TNE and T4 both use 1 ton (14 kliters), probably taken from MT, but I agree that they should probably be 1/2 ton so it makes them worth having.

Best regards,

Ewan
 
Mongoose low berths are 1 ton units that hold 4 ppl each.

so 1/4 ton a person.

Really? That sounds like Emergency low berths in CT, which aren't for commercial use.

Not really :)

Those are Emergency Low Berths. MgT has the regular Low Berths of CT (1/2 ton and Cr50,000) in the first part of the description. And the ELBs in the second part clearly note "...they will not carry passengers, but can be used for survival."

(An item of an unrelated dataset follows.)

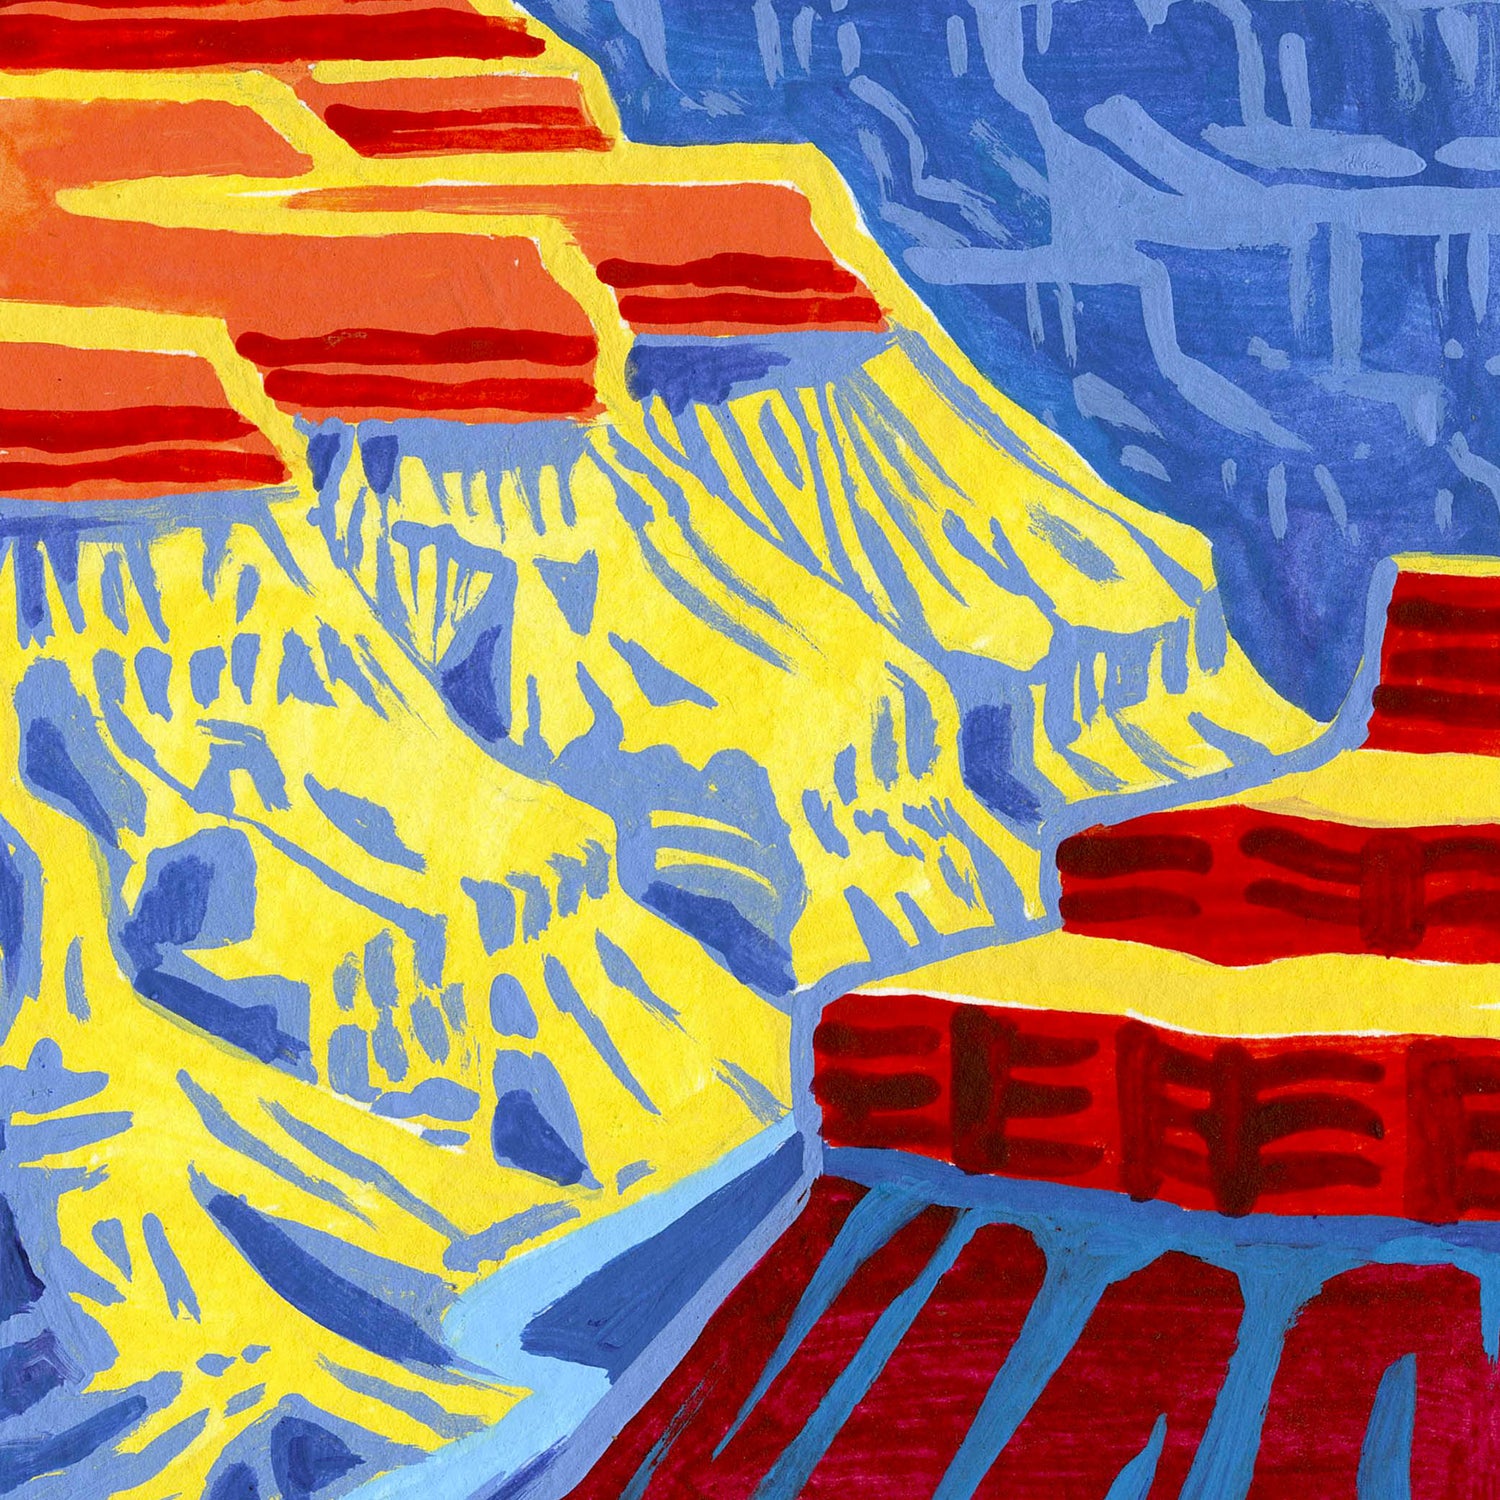 Grand Canyon National Park art detail with layered bands of red rock and sunset; trendy illustration by Angela Staehling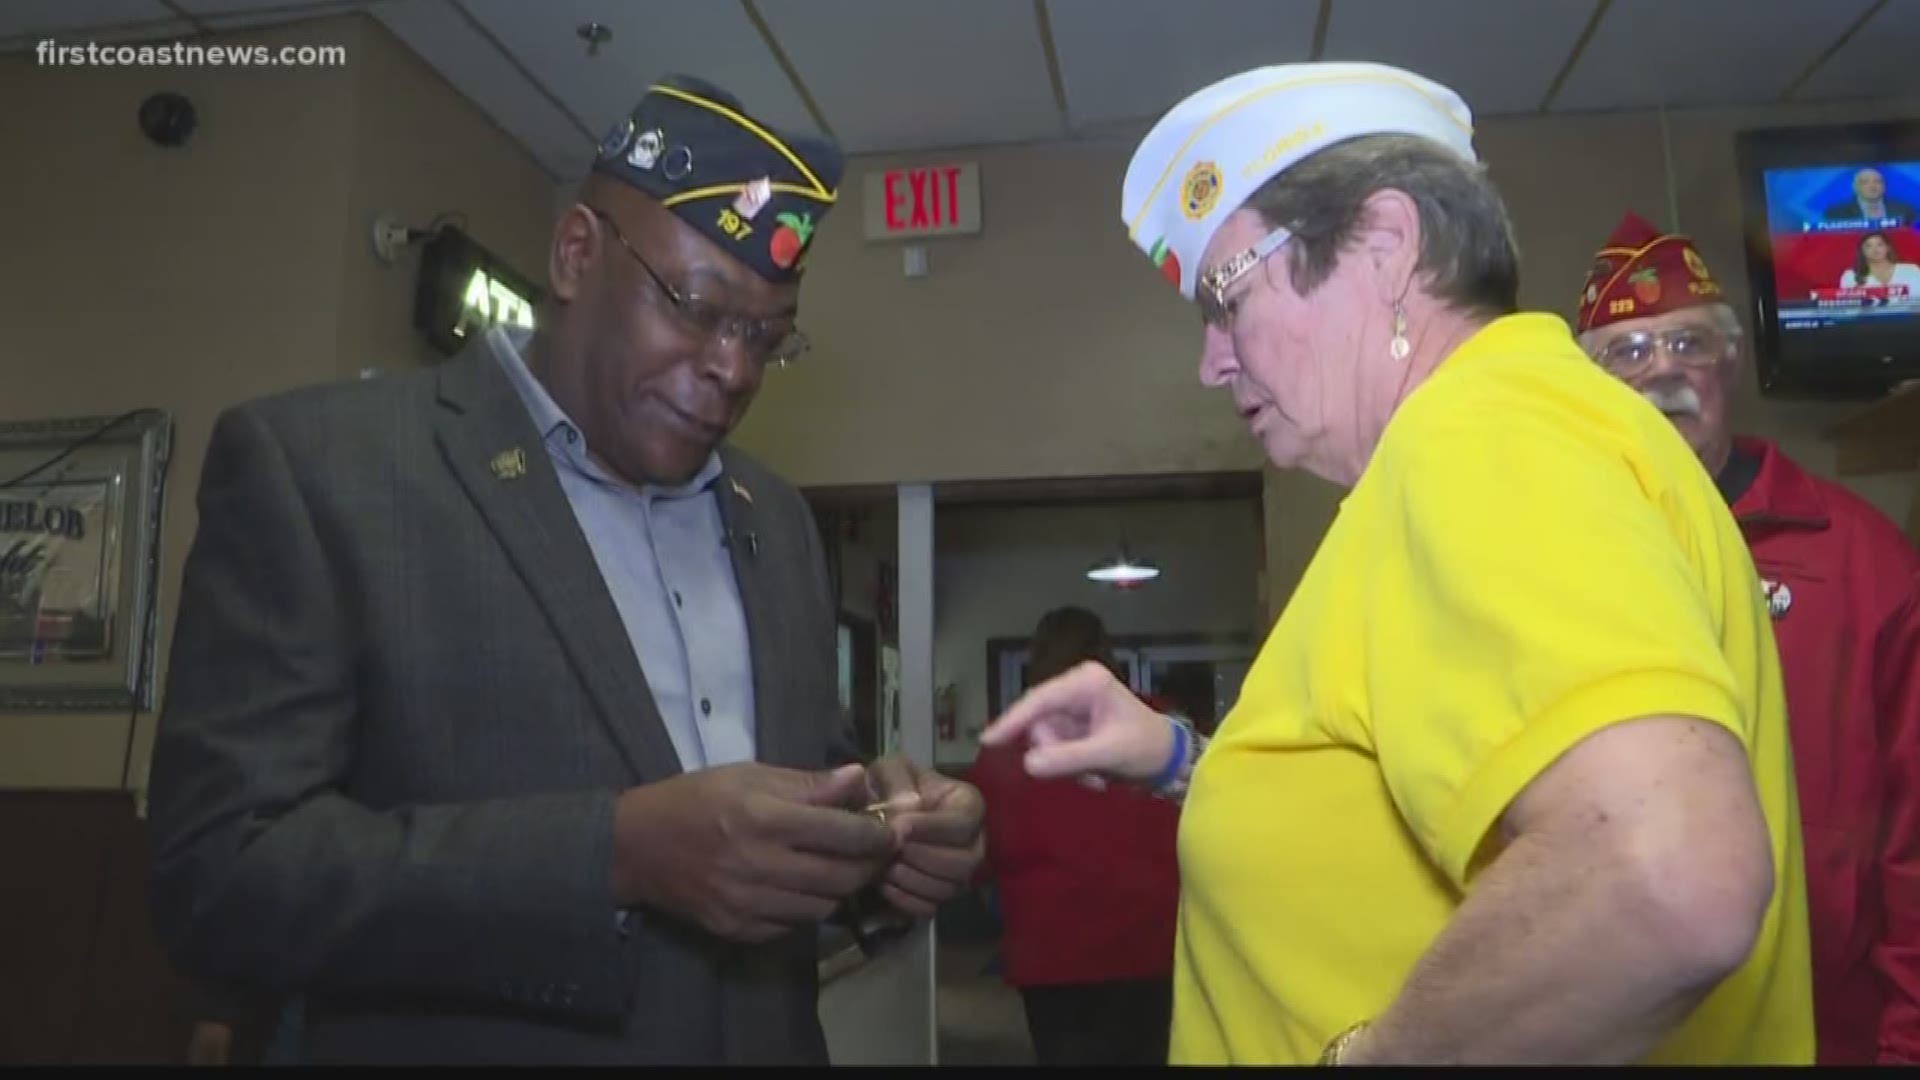 First Coast News visited the American Legion Post 197 in Jacksonville to see how the organization is fundraising for repairs, all while the Florida branch adds to its own history.

I suspect Xerxeskingofking is misremembering or their ref has house-ruled something.
 
...The clarification in the Consolidated Errata talks about:

"The volume of all accommodations was doubled from the original volumes given in High Guard to allow for access—what good does it do to put in a bunk if you can’t get to it?"

Whaaat?! I must have missed that in the errata. I vaguely recall Low Berths being bigger in MT, maybe*. I do not recall Staterooms being 8tons in MT. I do not recall Acceleration Couches being 1ton in MT. In fact I recall seating getting smaller. I have never had a problem making the components fit into deckplans at the stated volumes and suggested split, WITHOUT resorting to the 20% slop. Unlike apparently just about every single canon deckplan that had to break the rules, sometimes by as much as 100% (or they just didn't understand the scale). < /rant >

* Didn't the charge also double to Cr2,000 per? And Cr4,000 for "warm" berths (a passenger carried in the Low Berth as a bunk, not frozen with very limited space and LS) rings a bell as well. Or were those house rules I've conflated as official? And doubling Low Berths would make them dead easy to make deckplans, I'd almost welcome it. There'd be room for a proper medical facility to be included if you had a few as most ships do.